If you wish to take 15-110 but don't want or need a full letter grade for it, you may take the course as Pass/Fail instead. This is a great option for graduate students who want to learn how to program but don't want to risk their GPAs! (Note: you may not take the course Pass/Fail if you plan to use 15-110 as a prereq).
Tips for Success
Most students who take 15-110 have no prior programming experience. If you fall into this group, taking your first computer science class will provide great opportunities, but it also may pose great challenges. Here are some tips for how to succeed in this course as you learn a new and exciting set of skills and concepts.
- Participate. You cannot learn how to program passively, by observing someone else; you have to practice. While attending lecture, follow along in your own IDE and try modifying the code the instructor writes to see what happens. In recitation, actively attempt each problem to the best of your ability before the TA goes over the solution. In general, try things out and see what happens!

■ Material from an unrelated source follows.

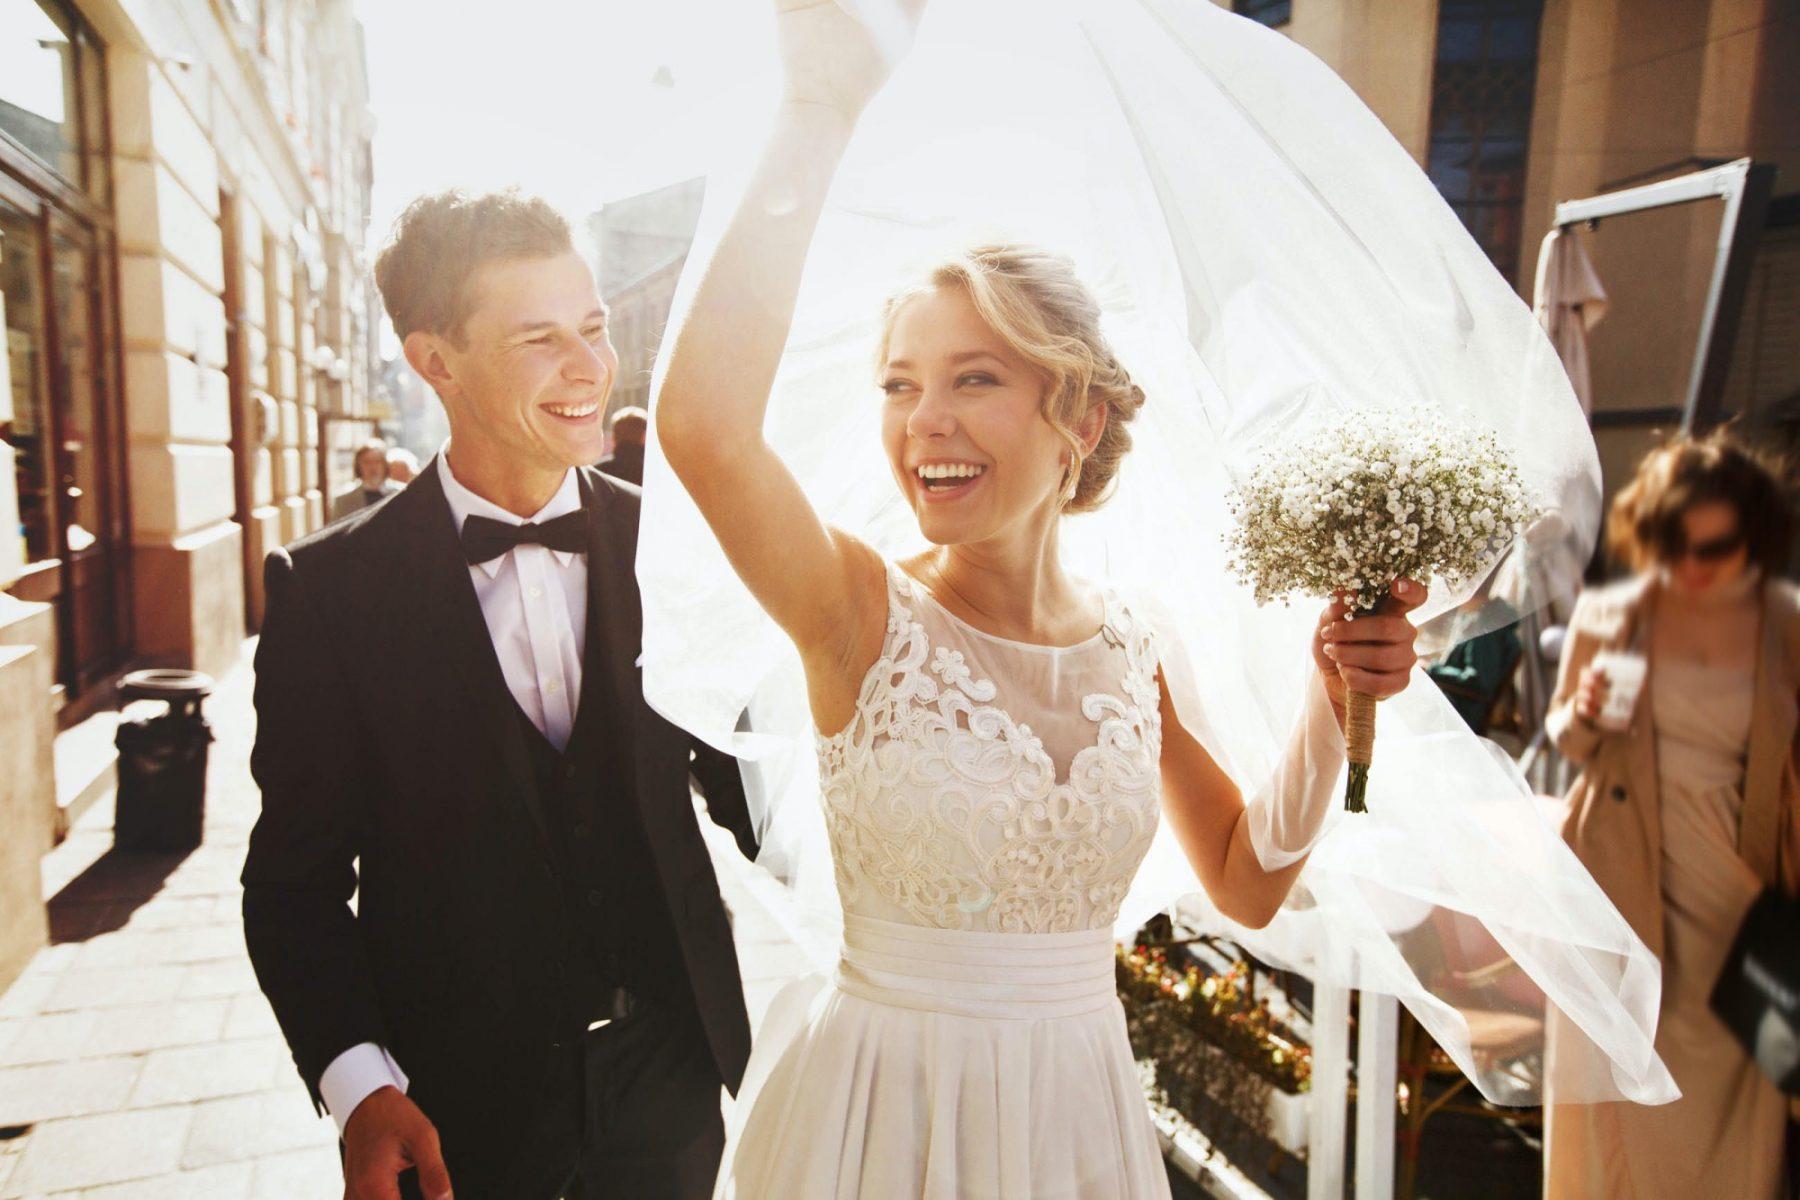 Γάμος με τα όλα του: 5 ερωτήσεις που πρέπει να κάνεις στον εαυτό σου πριν

- Start Early. Don't wait until the day before the deadline to start an assignment! After each lecture, identify problems on the assignment that you can now attempt, and try to solve them. Doing the assignments a bit at a time is much easier than trying to do them all at once.
- Embrace Mistakes. "Bugs" (mistakes) are a common part of the programming process. Even expert programmers commonly produce bugs in their code that they need to fix (you'll see this happen to the instructors a lot!). Run your code to check your work often, and treat every bug as an opportunity to learn, not as a dead end.
- Get Help When You Need It. It's okay (and encouraged!!) to reach out for help when you're struggling with a concept or an assignment. Come to office hours and the course staff will be more than happy to help you learn. Find a collaborator and talk through the problems with them. In general, don't feel like you need to do everything on your own - embrace your learning community!
- Debug Smarter, Not Harder. It is very easy to get stuck when debugging an error in a program and spend hours on a single mistake with no progress. If you find yourself spending more than 15 minutes debugging the same error, you need to change your approach. First, try to get someone else to help you (a TA or a collaborator in the class); often a new set of eyes will notice things that you can't see yourself, and explaining your code to someone else may help you notice something new. Second, if no one else is available, take a break and do something else. When you come back to the problem later, you'll be able to see your code in a new light, and it might prove much easier to fix.
- Read Your Feedback. Check-ins and Homeworks are partially summative assignments (they show what you know), but they're also partially formative (they're a chance to learn). When an assignment has been graded, go back and check the feedback written by TAs on the problems you got wrong. This is your chance to relearn the material before the quiz occurs.
- Study By Practicing. In this class, you'll mainly learn skills - things you do, rather than pieces of knowledge you know. To study a skill, you need to practice it. When preparing for an exam, don't just review old slides and homeworks - actually re-solve old problems, or attempt the practice problems provided with the quiz.